The P-1 was a tandem seat, open cockpit biplane with conventional landing gear. The fuselage was constructed of welded steel tubing with aircraft fabric covering.

==Operational history==
The P-1 was both sold as a commercial aircraft and placed into service as a trainer at Parks Air College. Although the OX-5 engine was out of production since 1917, there were still enough war surplus engines available at low enough cost to justify installing them on the 1929 design. This made the P-1 the last new aircraft produced using the outdated engine. Parks located his engines by sending out his associate, Joeseph Wecker, to buy OX-5 engines from flight schools in the region. Production ended at number 45, before the onset of the Great Depression and the temporary takeover of the company by the Detroit Aircraft Corporation.
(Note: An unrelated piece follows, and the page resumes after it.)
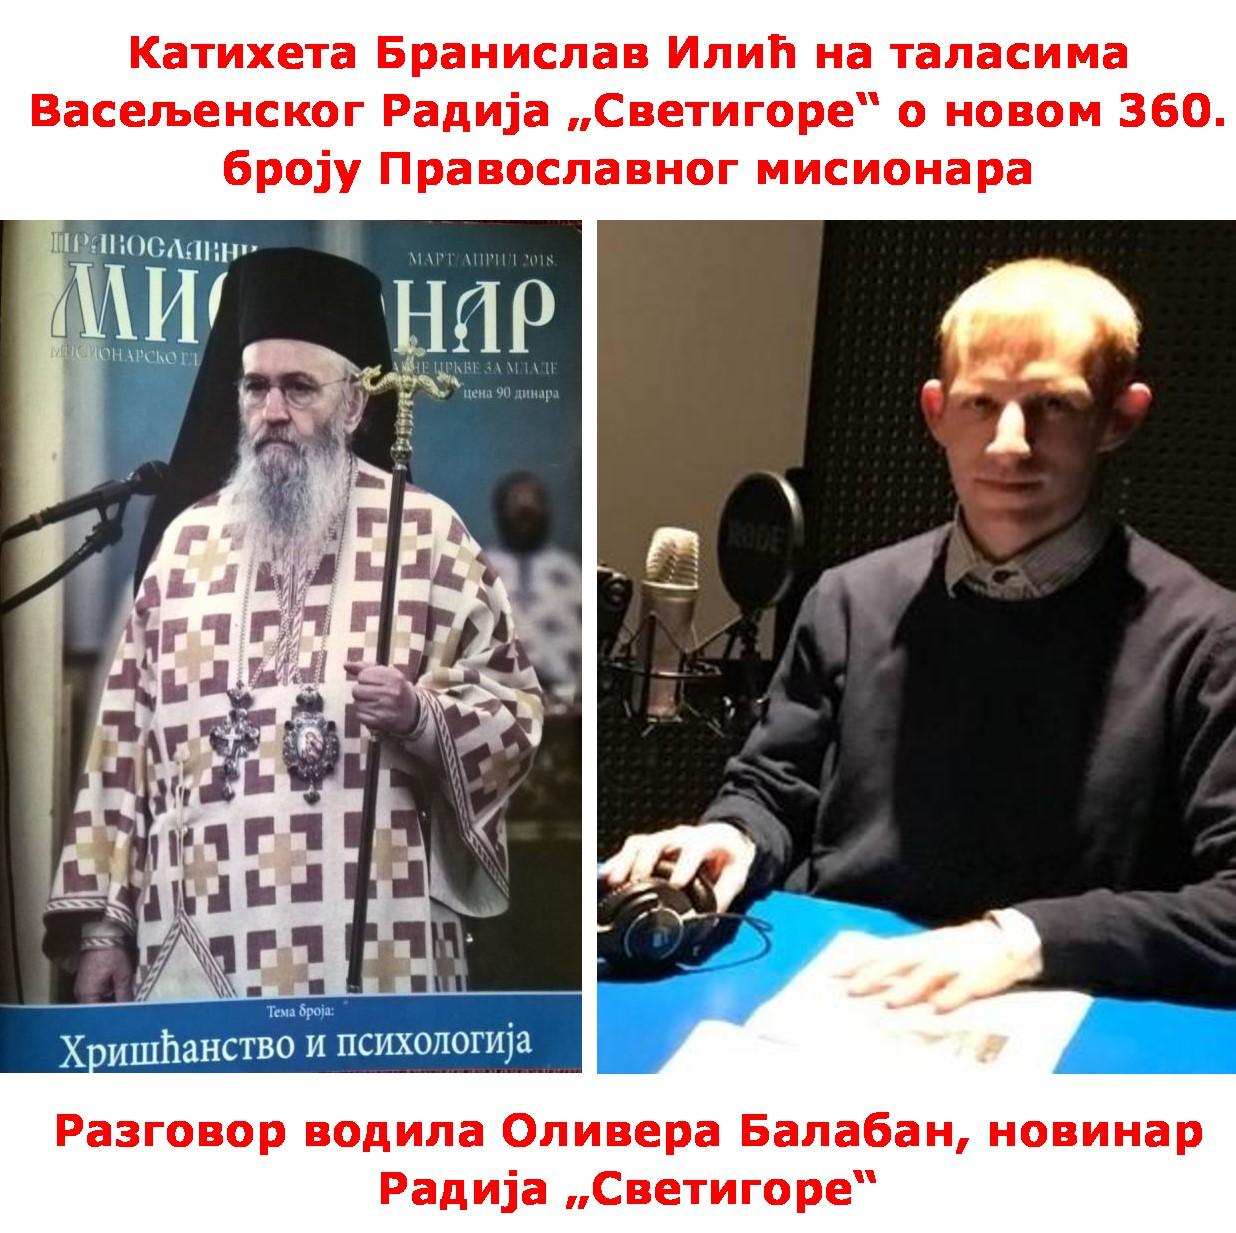 На таласима Радија Светигоре представљен нови 360. број Православног мисиона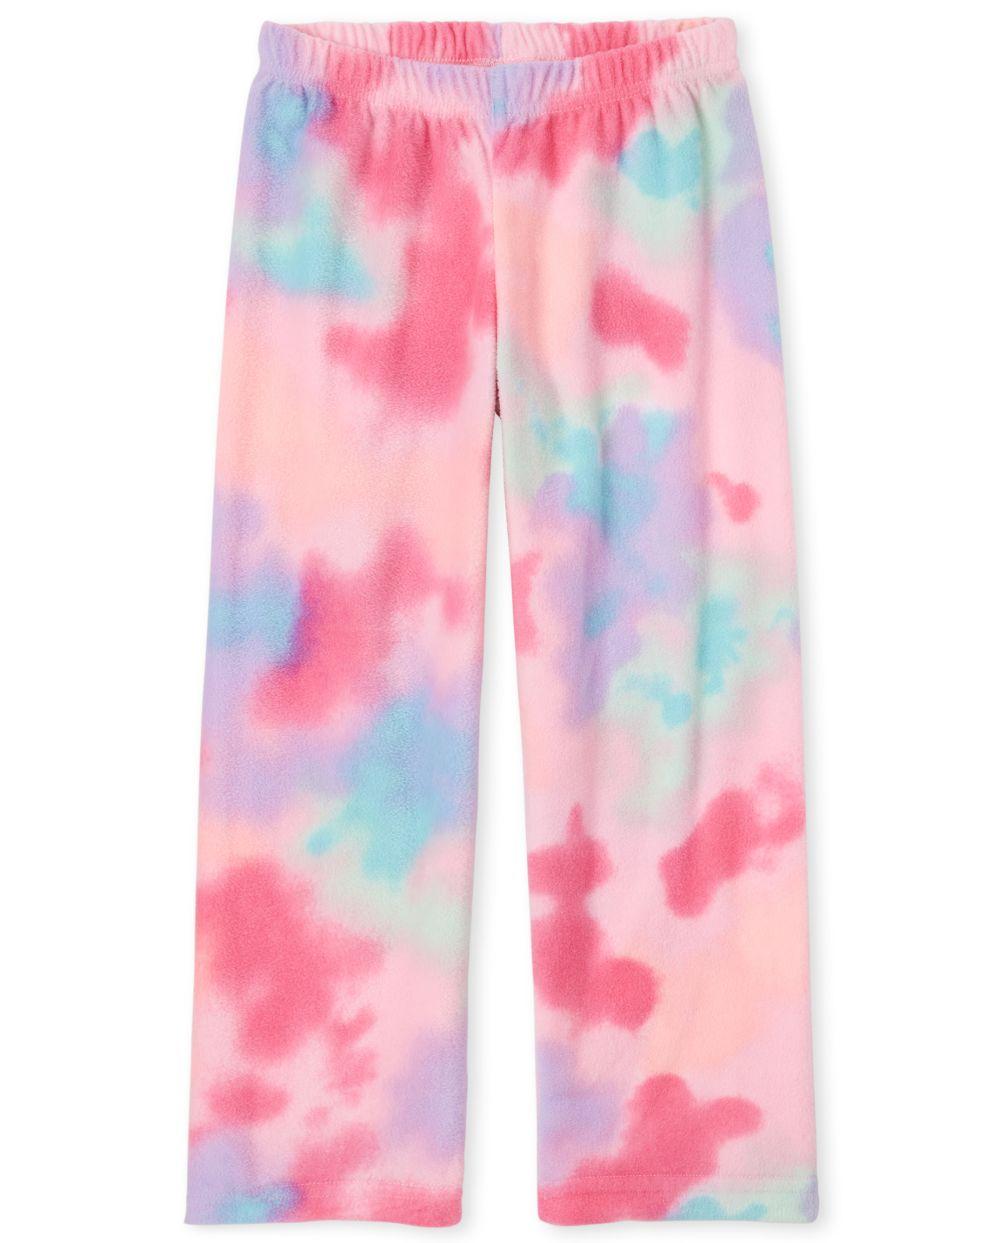 Girls Tie Dye Fleece Pajama Pants

While part of the Detroit Aircraft Corporation, one experimental P-1 (X289W) was modified with a faired in, tail mounted, all-plane parachute. It was filmed in a live deployment for Paramount Sound News. The 60 ft diameter Russell parachute was designed to hold 2600 to 3000 lbs. A secondary 24 ft diameter parachute was installed for the pilot.

One P-1 has been restored and displayed at the EAA airshow at Oshkosh, Wisconsin winning the award for outstanding open cockpit aircraft in 1992.

==Variants==
- Parks P-1
45 units built, Kreider-Reisner Challenger C-2 copy but with chin radiator.
- Parks P-1H
Powered by a 100hp Kinner K-5, received ATC on 23 November 1932. 7 aircraft modified as the Hammond 100 Sportster.
- Parks P-1T
Powered by a 115hp Milwaukee Tank engine.
- Parks P-1X
Three-seater with a 90hp Curtiss OX-5 engine.